Contribution of rsaC, a small non-coding RNA, towards the pathogenicity of Staphylococcus aureus in a mouse systemic infection model

Ethics statement

All mouse experiments were performed at the University of Tokyo and Teikyo University, following the animal care and use regulations approved by the Animal Use Committee (approval numbers: P27-4 and 16-014 at respective institutes).

Bacterial strains and primers used in the study

Bacterial strains and primers used in this study are listed in Table 1. S. aureus and Escherichia coli were routinely grown in LB or TSB medium, respectively, at 37°C with shaking. The media were supplemented with antibiotics, as required.

Real-time RT-PCR

According to the manufacturer’s recommendations, one microgram of RNA was used to prepare cDNA using a High-Capacity RNA-to-cDNA™ Kit (Applied Biosystems; Foster City, CA, USA). From this, 15 ng of the cDNA was used as a template for RT-PCR using Fast SYBR Green Master Mix (Thermo Fisher Scientific) on a 7500 Fast (Applied Biosystems) machine with 40 cycles of denaturing at 95 °C followed by annealing/extension at 60 °C.

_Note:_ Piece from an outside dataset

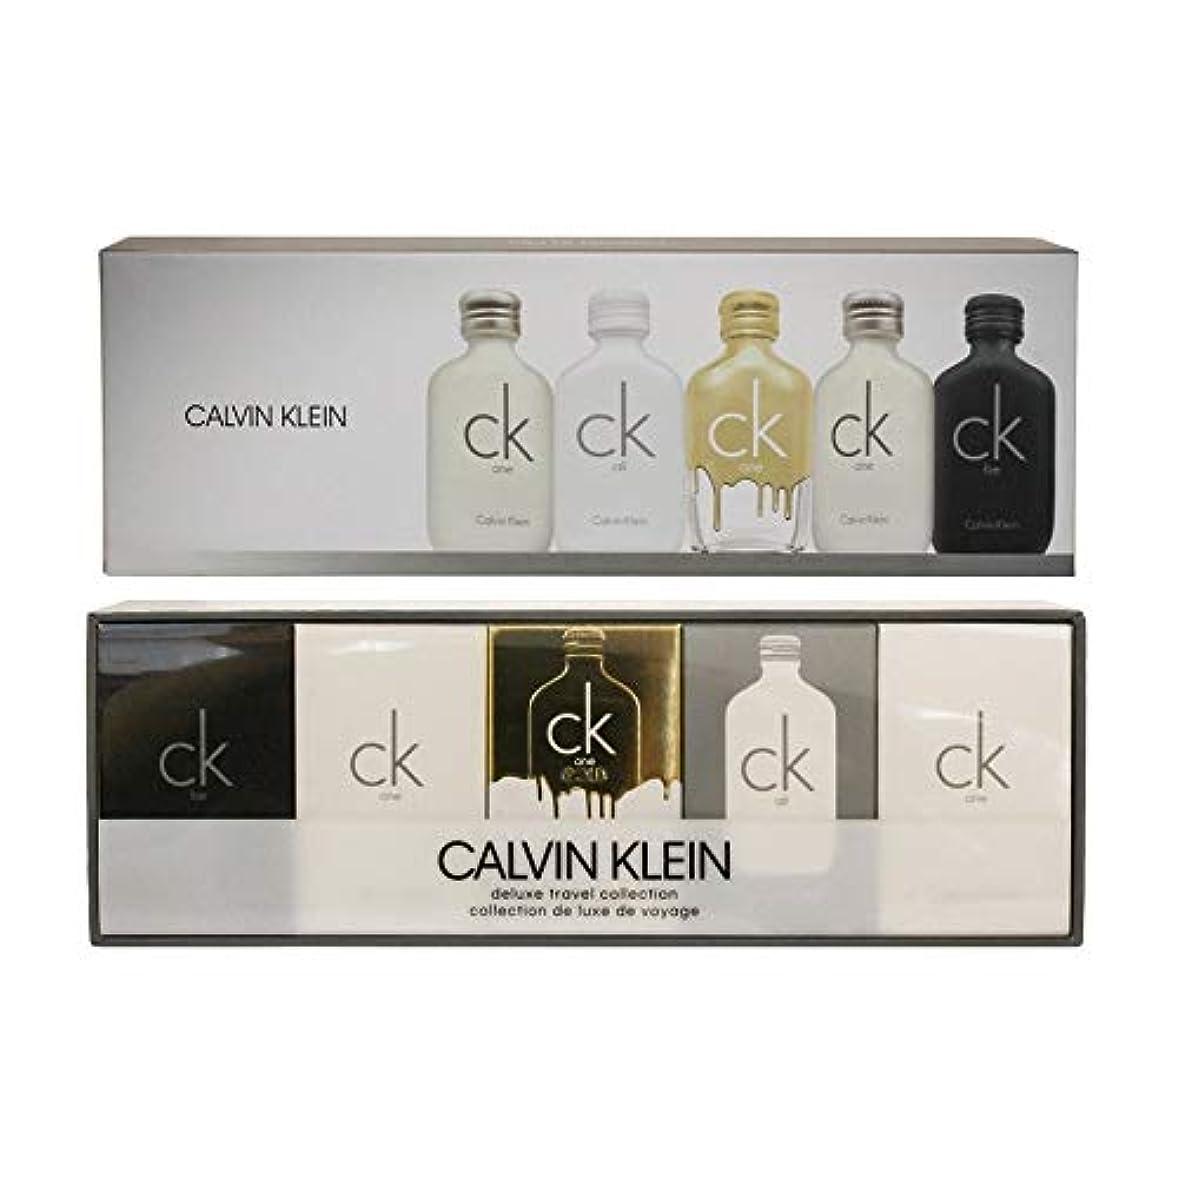 仲介者選出する通り抜けるカルバン クライン CALVIN KLEIN ck シーケー デラックス トラベル コレクション ミニチュア ギフトセット 10ml×5本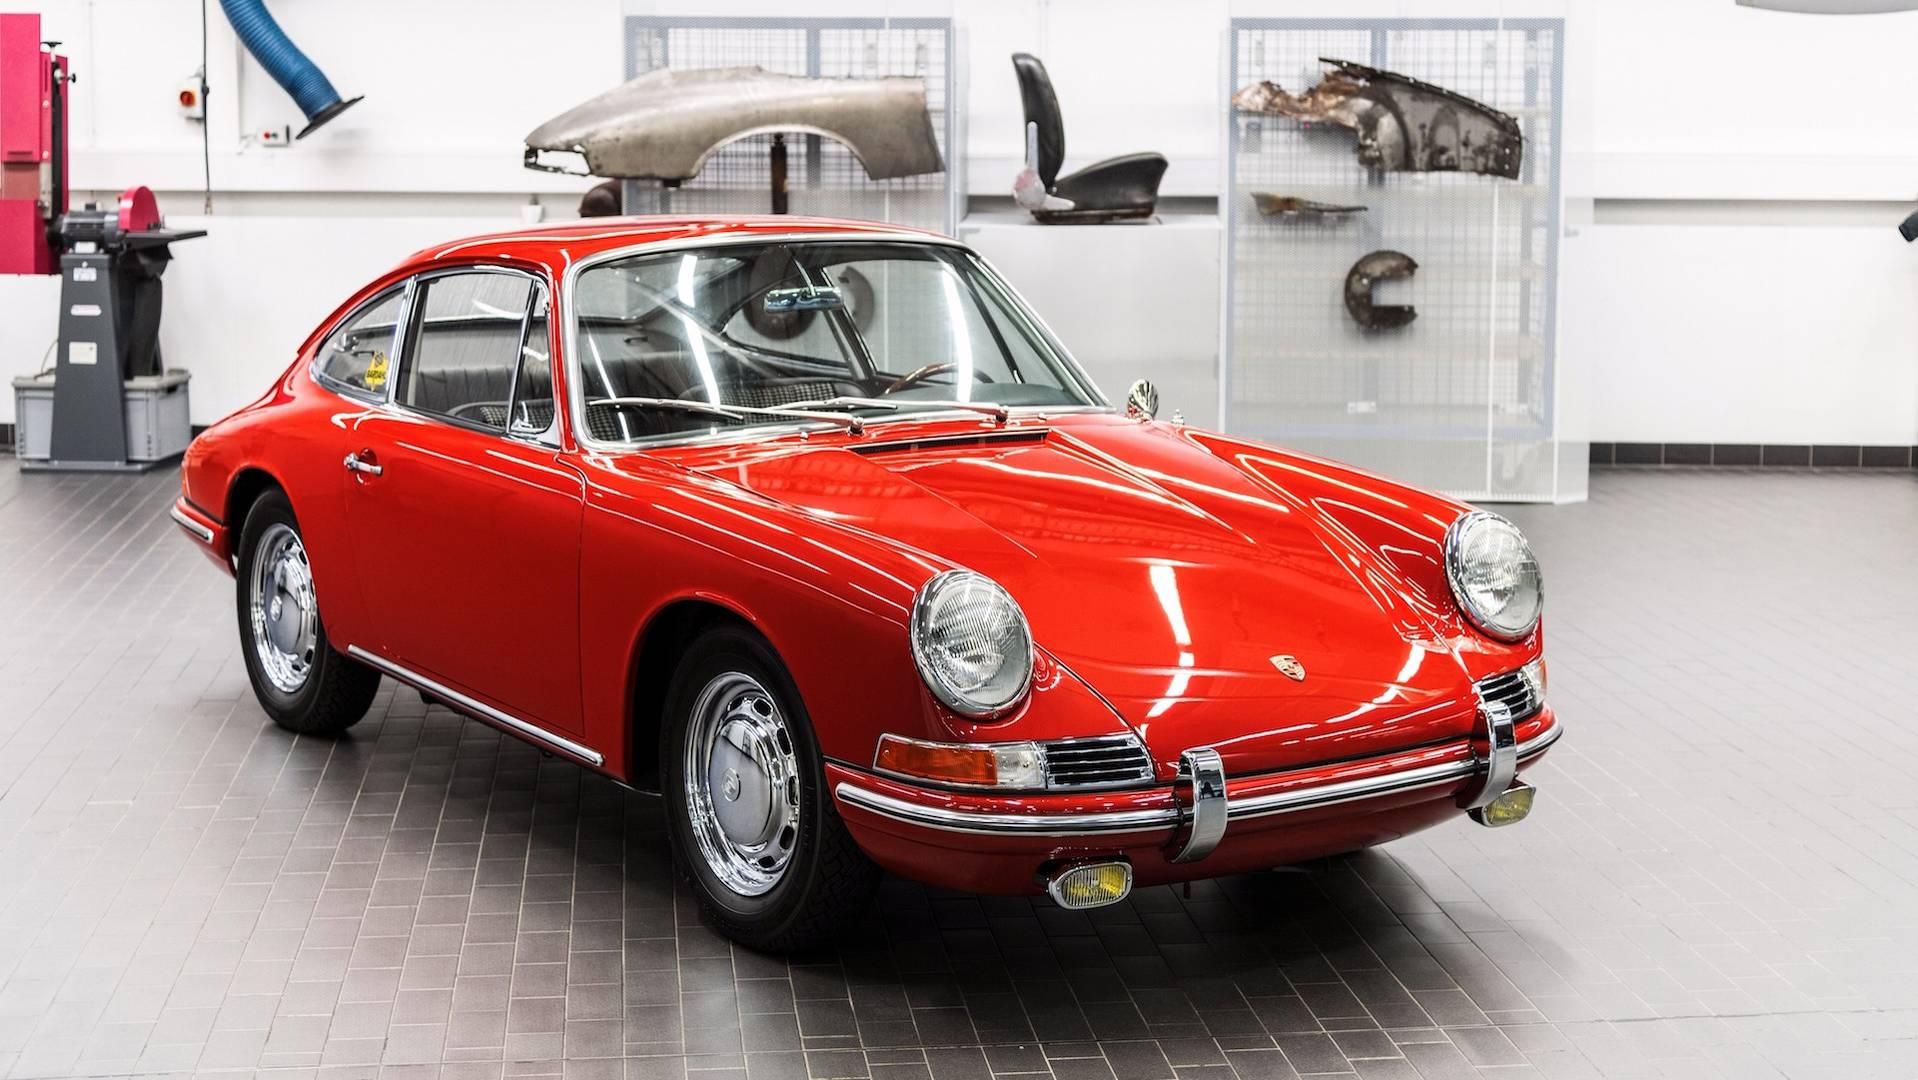 Porsche 901 911 restoration porsche museum (19)

Construction of ΔrsaC strain and complementation

rsaC was disrupted using a double cross-over recombination method as previously described (24). Briefly, the genome regions up-and down-stream of rsaC were amplified by PCR using the listed primers. Then, overlap extension-PCR was performed using these two DNA fragments together with the aph gene amplified from the pSF151 vector using primers KmF and KmR. The PCR product was cloned into the pKOR3a vector (24) and introduced into the RN4220 strain (18) by electroporation. Integration of the mutant cassette in the genome was confirmed by PCR and further transformed into S. aureus Newman (17) by phage transduction using phage 80α as previously described (23, 25).

To prepare the overexpression strain, the rsaC coding region was amplified by the primer pair rsaC_bam_F and rsaC_sal_R (Table 1) and ligated to BamHI-SalI digested pND50-PfbaA (19, 20). The resulting plasmid, pND50-PfbaA-rsaC, was then transformed into S. aureus RN4220 by electroporation and then to S. aureus Newman wild and ΔrsaC strains by phage transduction.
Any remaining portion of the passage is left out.